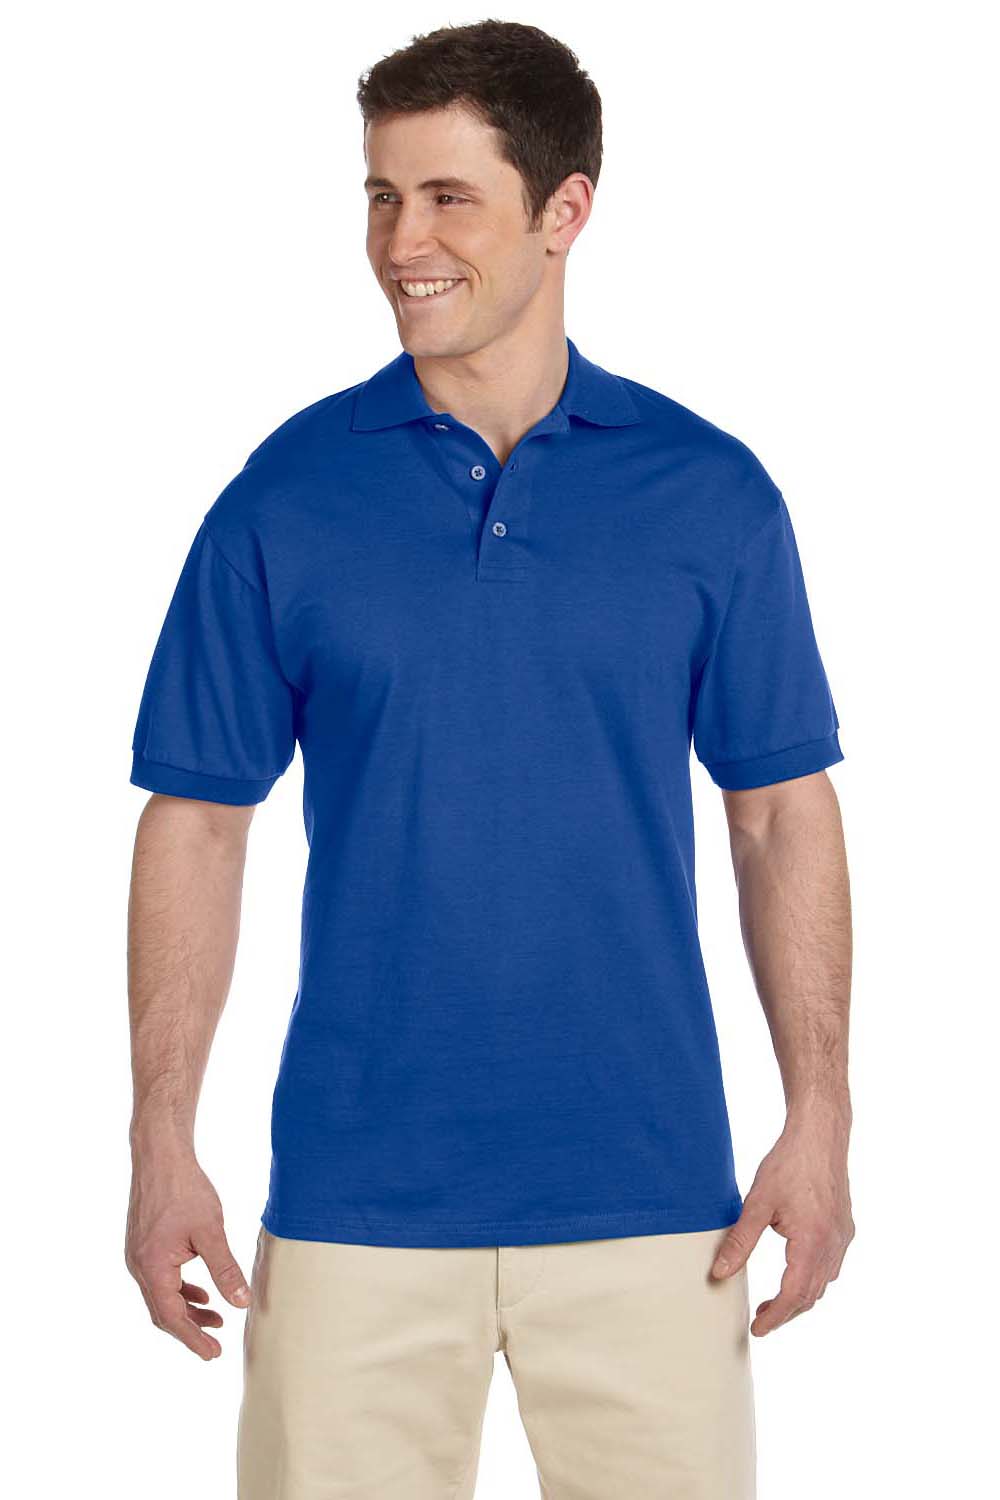 Jerzees J100 Mens Short Sleeve Polo Shirt Royal Blue Front
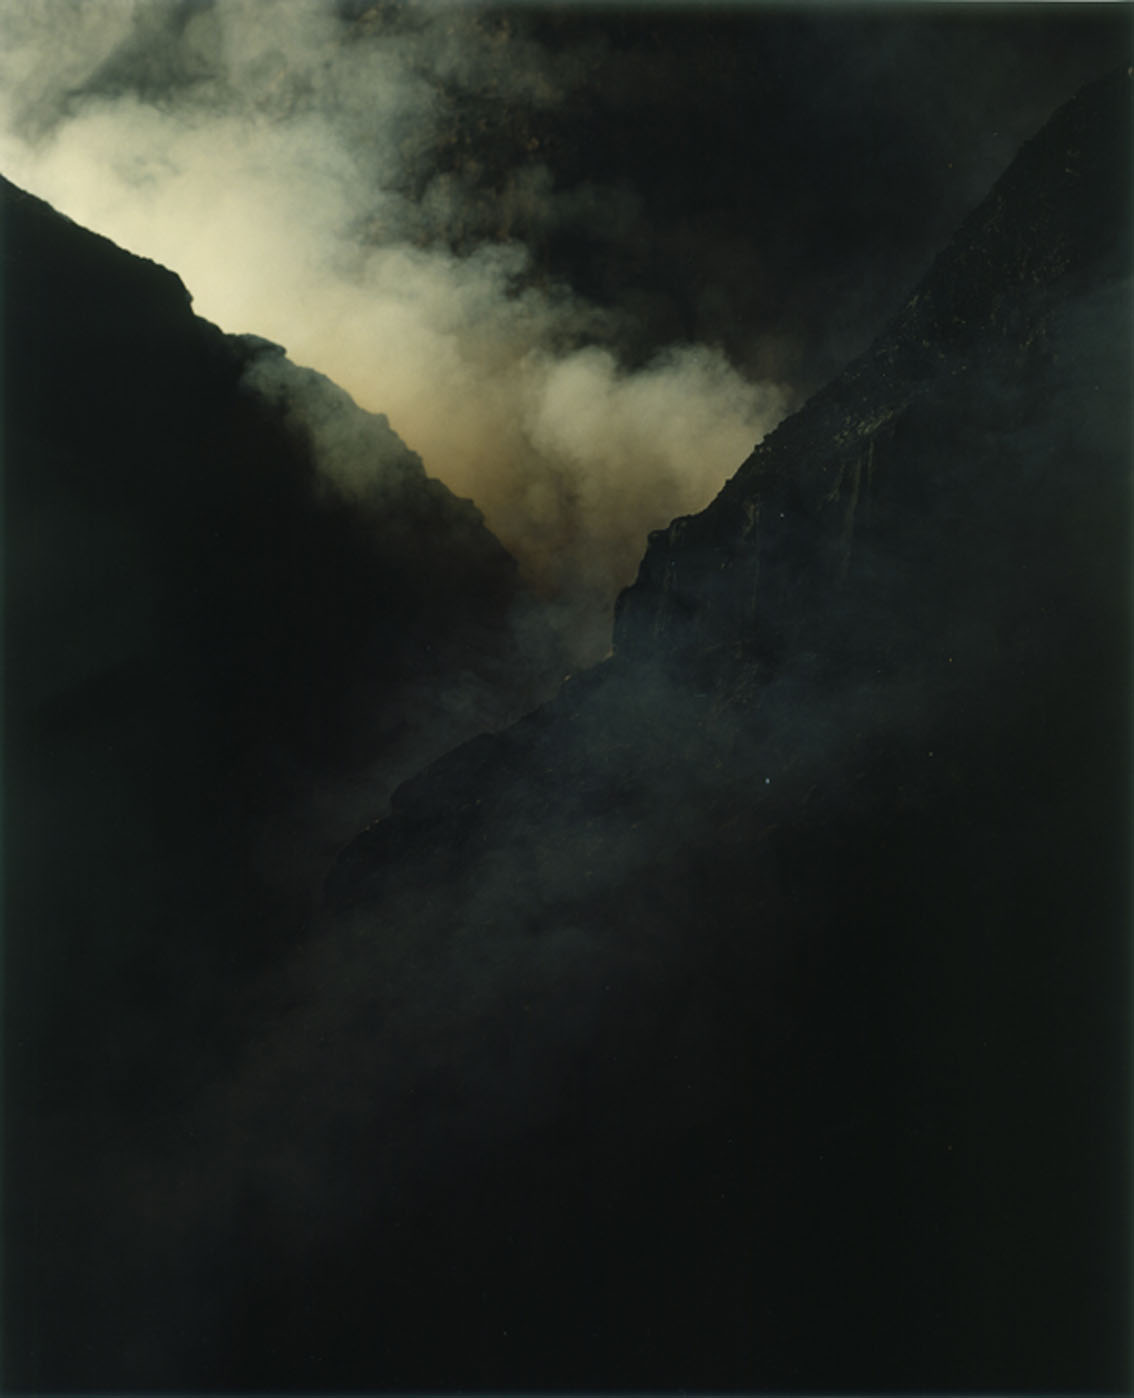 Sonja Braas, Wildfire, 2005
C-print diasec, wood frame
185 x 155 cm
Edition of 8 + 2 AP
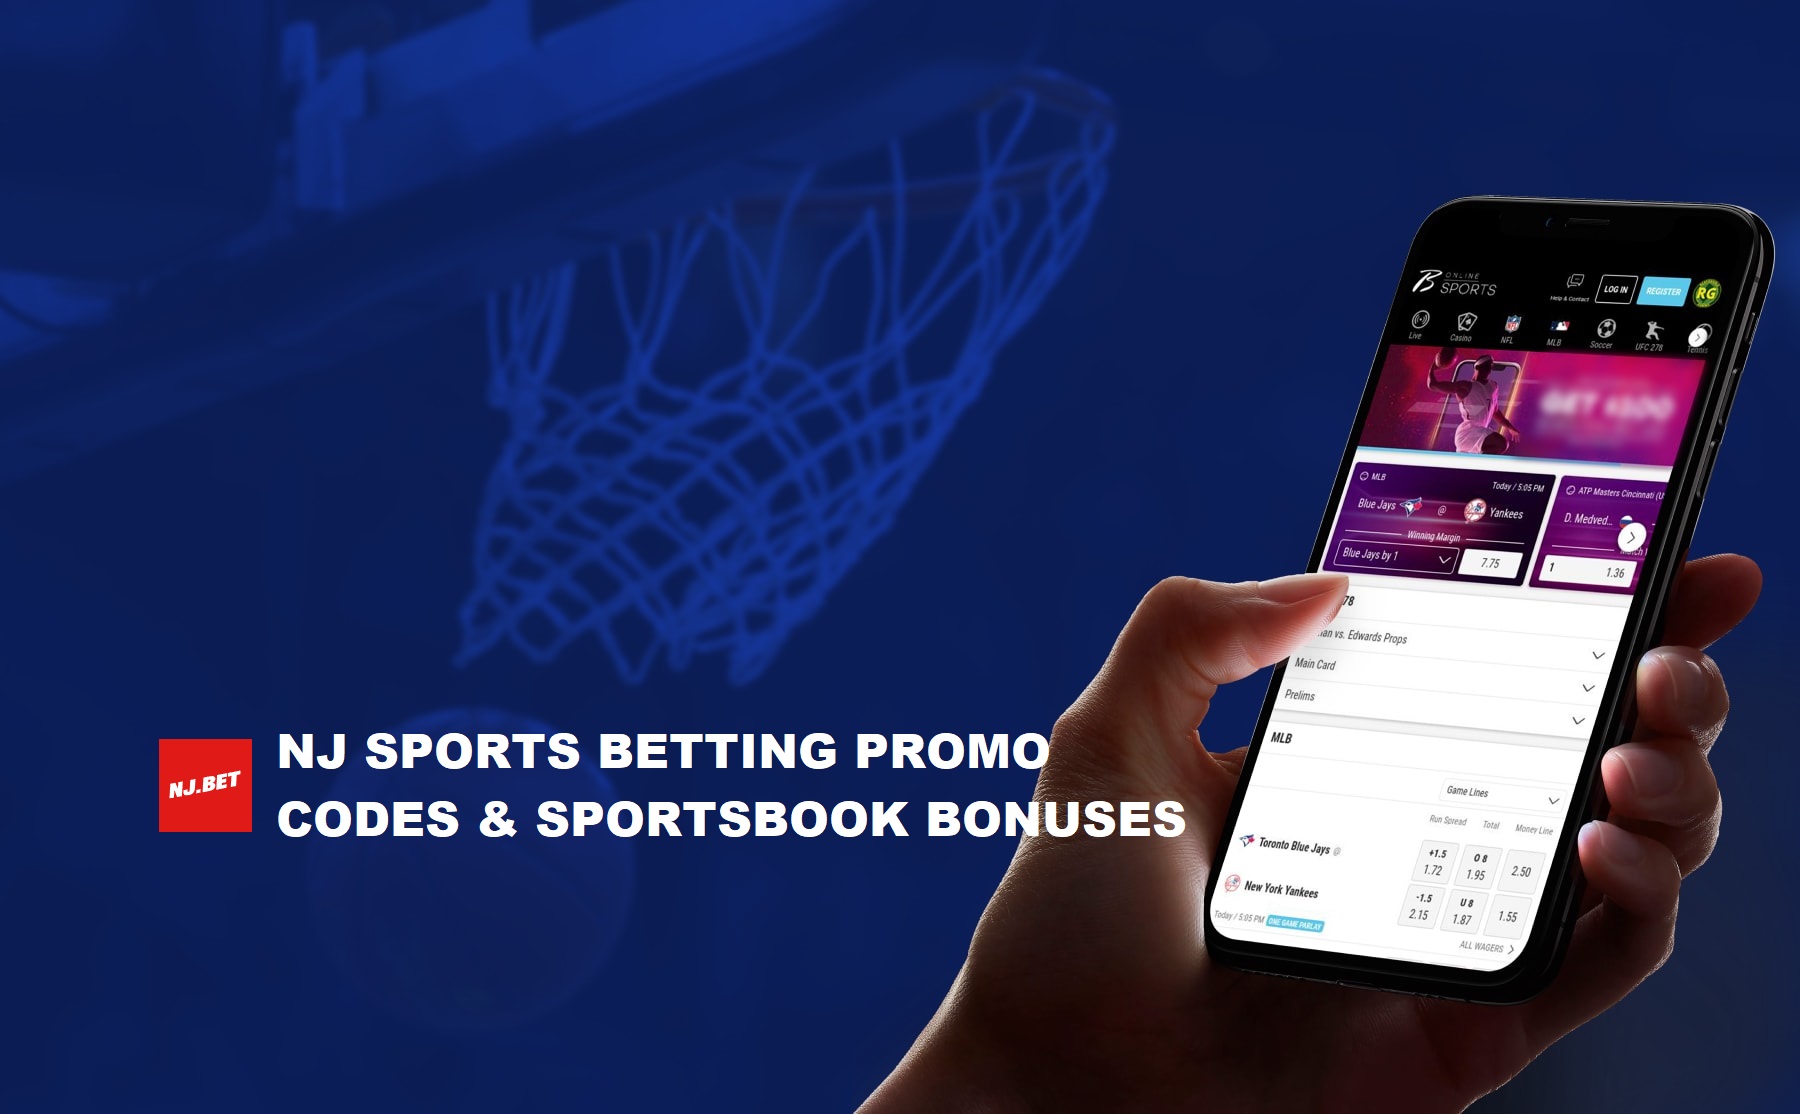 NJ Best Sportsbook Bonuses, Promo Codes and Free Bets
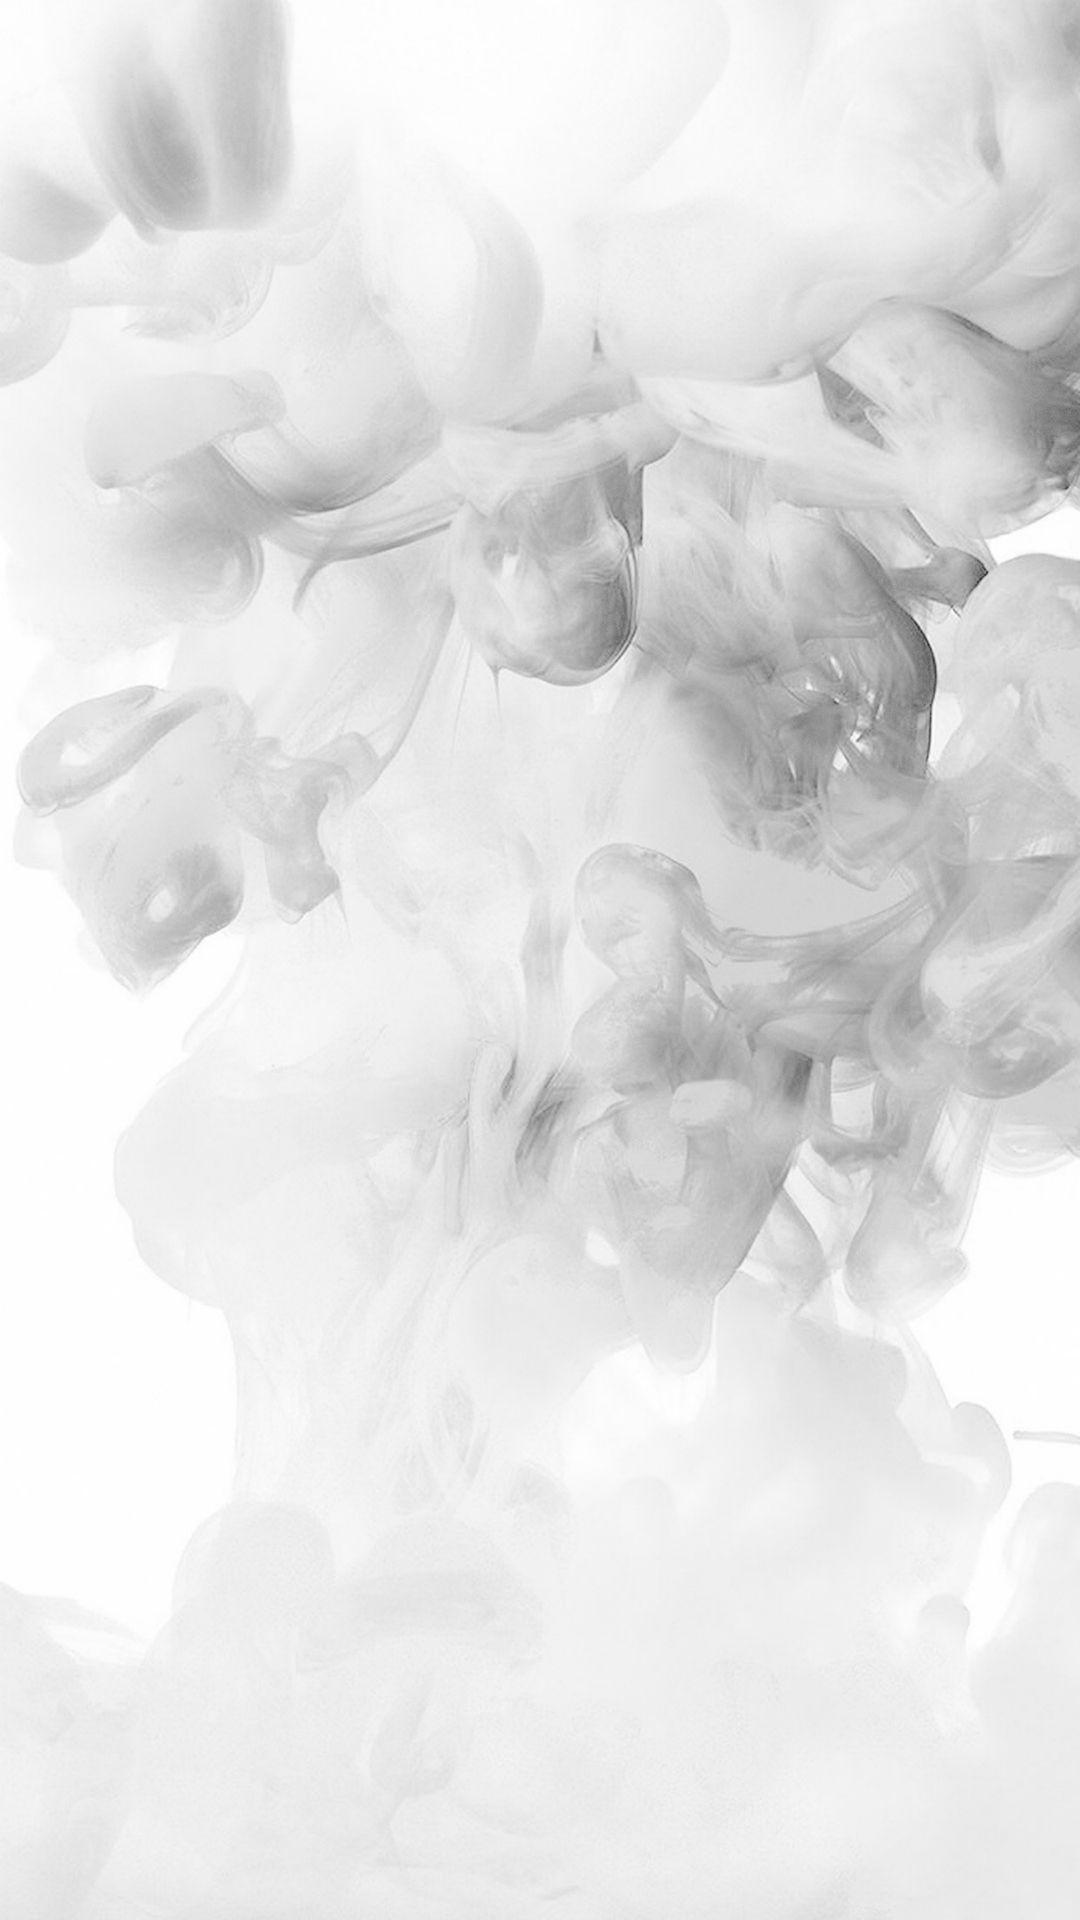 Smoke White Abstract Fog Art Illust iPhone 8 Wallpaper. iPhone

================================

What to produce:
Copy out all the data above exactly as written. Skip the pictures.

Exercise response:
 Jerzees J100 Mens Short Sleeve Polo Shirt Royal Blue Front
 Sonja Braas, Wildfire, 2005
C-print diasec, wood frame
185 x 155 cm
Edition of 8 + 2 AP
 NJ Best Sportsbook Bonuses, Promo Codes and Free Bets
 Smoke White Abstract Fog Art Illust iPhone 8 Wallpaper. iPhone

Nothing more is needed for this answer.